*Work order*.
Your task is to copy the listing exactly, with the pictures left out.

*The data*.
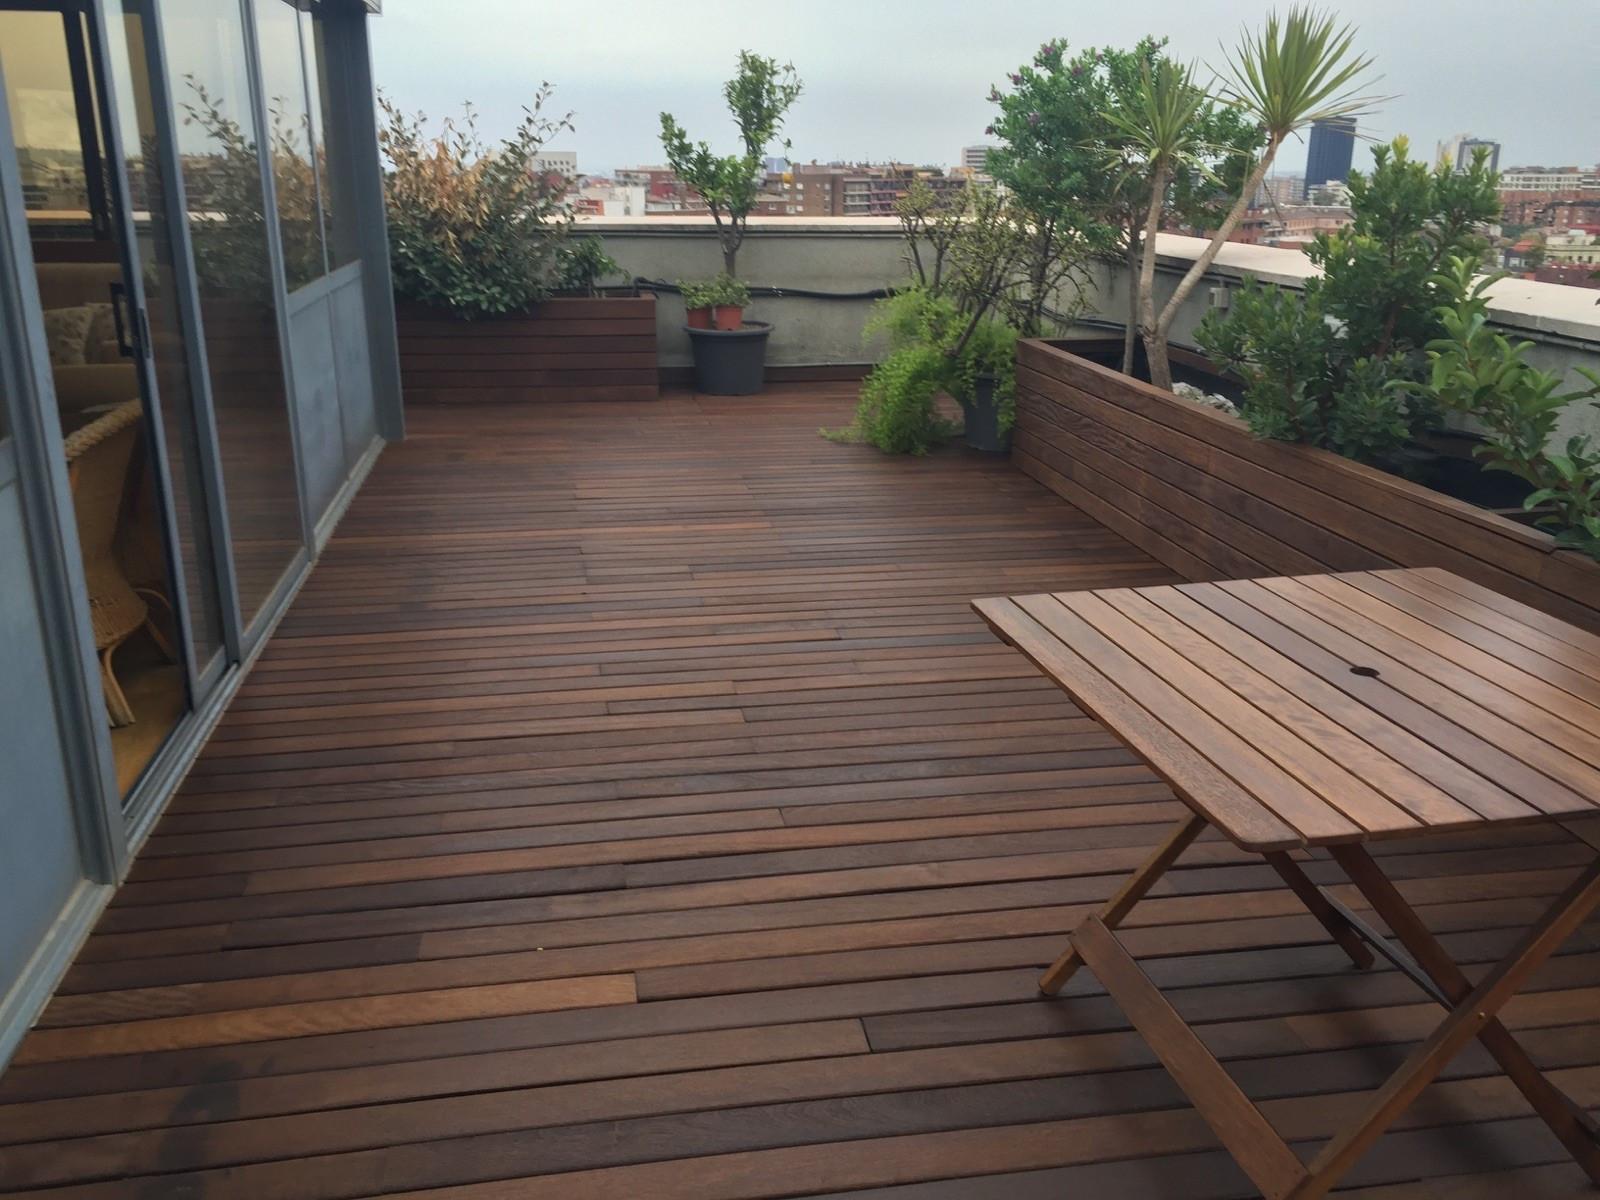 Mantenimientos madera doctor madera - Terrazas de madera precios ...
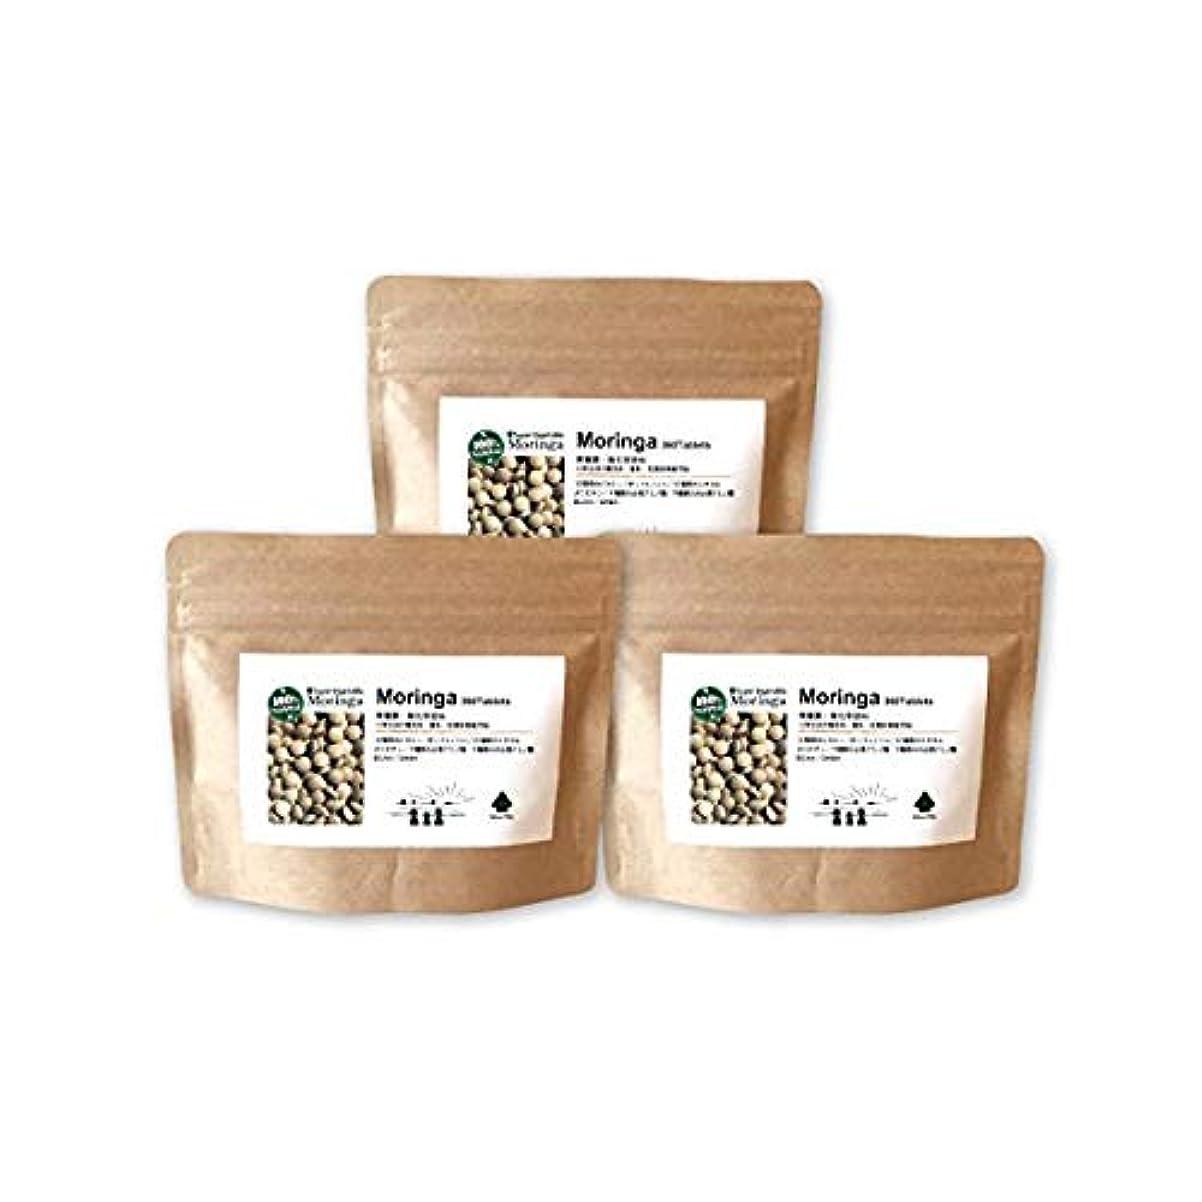 定規ヒューマニスティック表面的なモリンガ粒(3個セット) 沖縄産の無農薬?無化学肥料栽培モリンガ葉使用
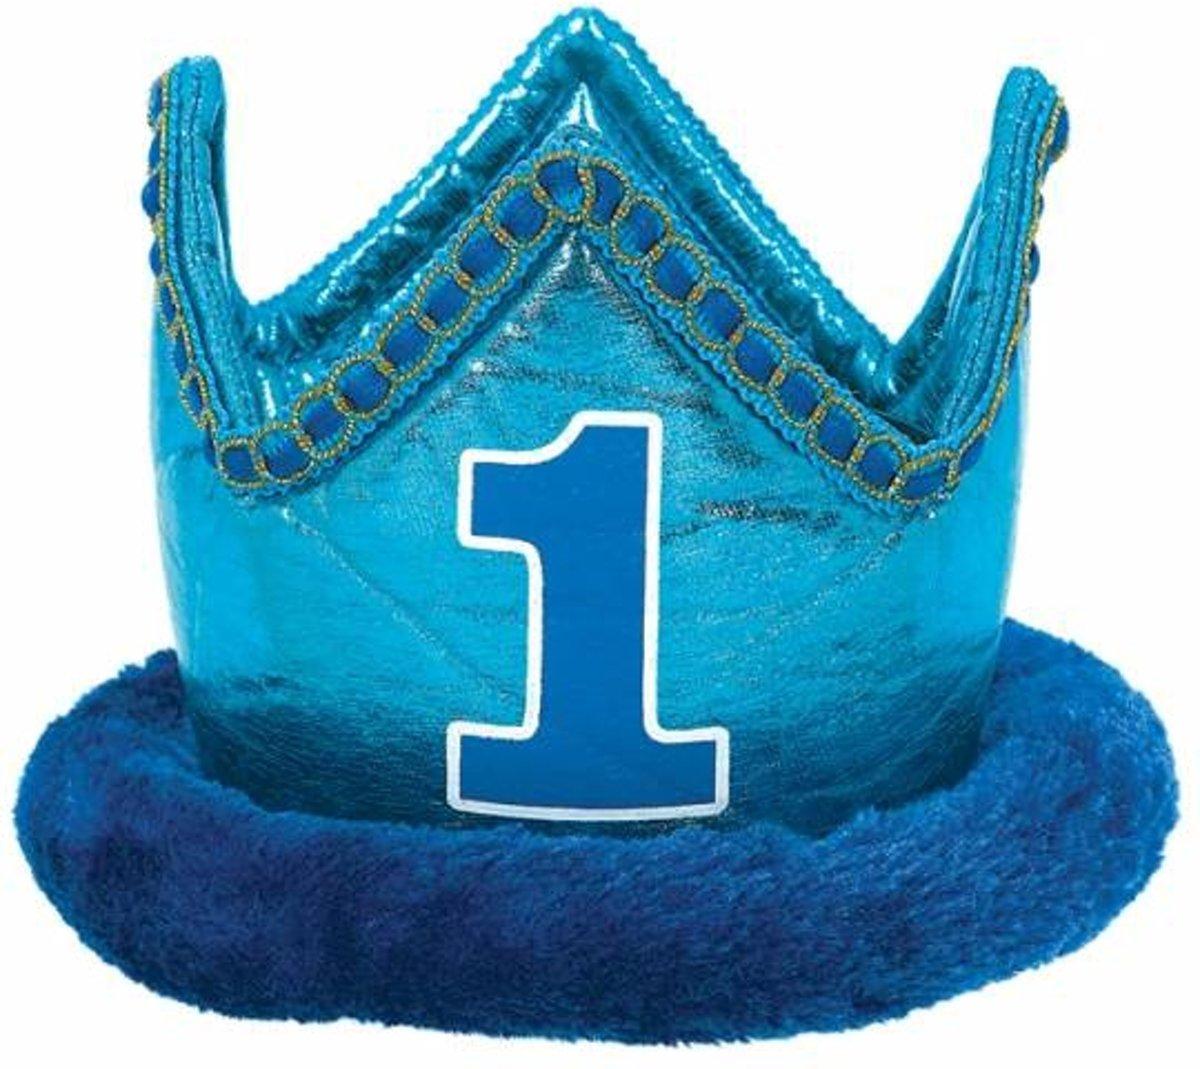 kroon 1 jaar bol.| 1 jaar jongen kroon, makkelijkfeestje | Speelgoed kroon 1 jaar

*Response*.
 Mantenimientos madera doctor madera - Terrazas de madera precios ...
 定規ヒューマニスティック表面的なモリンガ粒(3個セット) 沖縄産の無農薬?無化学肥料栽培モリンガ葉使用
 kroon 1 jaar bol.| 1 jaar jongen kroon, makkelijkfeestje | Speelgoed kroon 1 jaar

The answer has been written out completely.